「Look at the Picture and Talk about the Painting」Ink and brush art of the Lantern Festival, celebrating reunion year after year
How splendid the Lantern Festival was in ancient times? You have to look for it in the paintings! The lanterns and lights captured by the brushstrokes in those paintings hold the ancient people’s understanding and aspirations for this festival.
In the “Yearly Splendor and Prosperity Scroll•the night of the 15th of the first lunar month” by Wu Bin of the Ming Dynasty, the artistic conception creates the scene. The Ao mountain lanterns in the painting transcend their functional attributes and can be regarded as the “installation art” of the ancients. Made of bamboo and wood as the framework and decorated with lanterns as the embellishments, they not only symbolize the wish for a peaceful and prosperous era but also represent the burst of folk imagination and craftsmanship wisdom.

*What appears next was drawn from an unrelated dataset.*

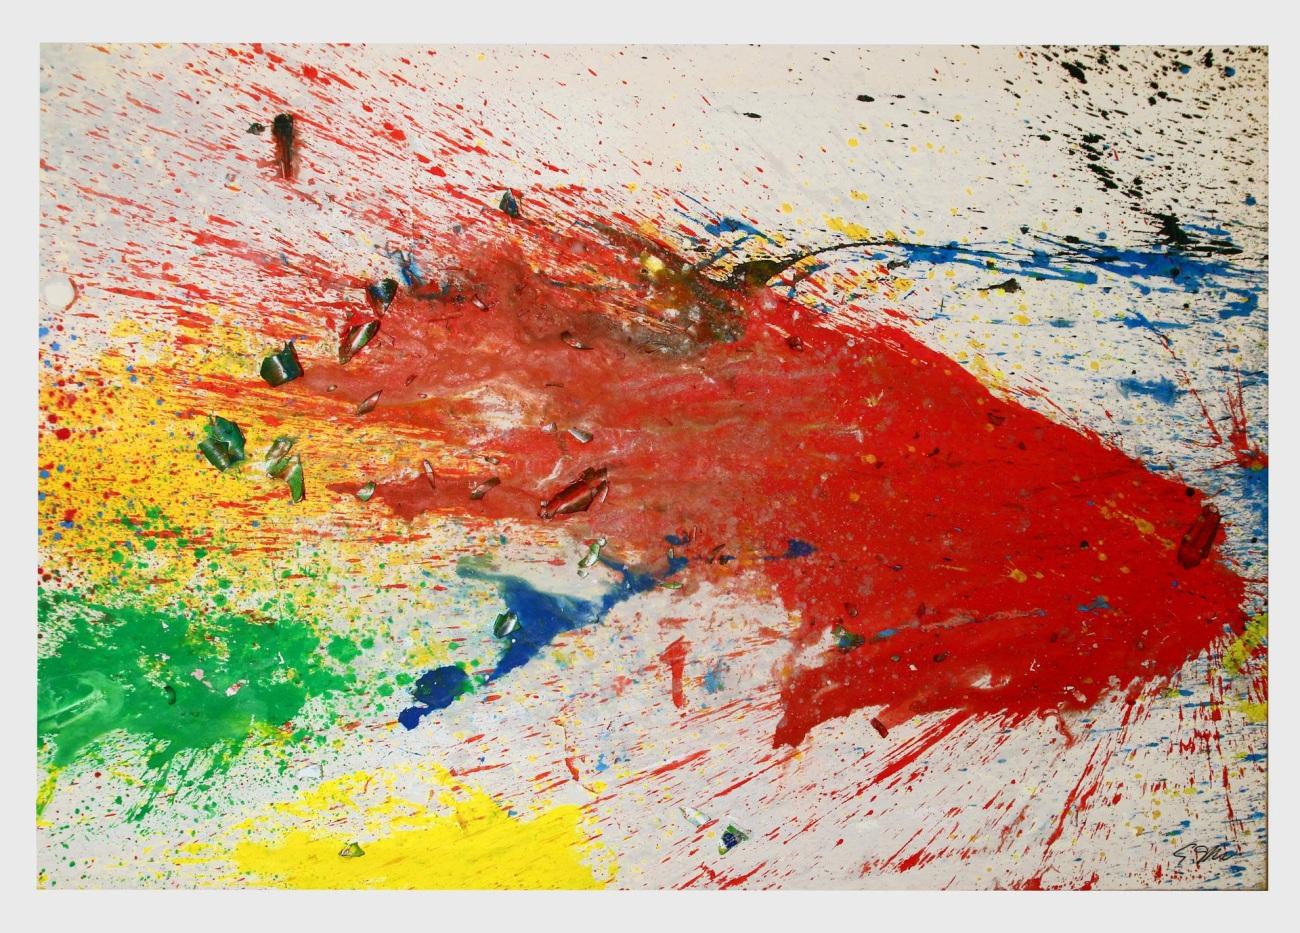 Shozo Shimamoto, Capri - Certosa 13 (2008), acrylic on light canvas, 185 x 274 cm. Courtesy Cardi Gallery

The “Lantern Festival Painting” presents the true appearance of the Lantern Festival from a realistic perspective. This Ming Dynasty version of “Riverside Scene at Qingming Festival” incorporates the grand scenes of the lantern festival, the commercial activities in the market, and the various aspects of daily life into the painting. As a result, this long scroll has become a valuable visual historical record for studying the material culture of the Ming Dynasty.
The two ancient paintings jointly point to the core concept of the Lantern Festival – “roundness”. The roundness of the Lantern Festival, the roundness of the full moon, is the ancient people’s intuitive expression of “completeness”. The “reunion” of the Lantern Festival is not only the gathering of space, but also the connection of time. It is a hope spanning thousands of years, hidden in the cultural genes, and this hope makes every lantern of the Lantern Festival become a guiding light for the spiritual home of the Chinese people.
May the moonlight shine brightly tonight and the lights be warm. May you, in this completeness, find joy in the peace and prosperity of each passing year.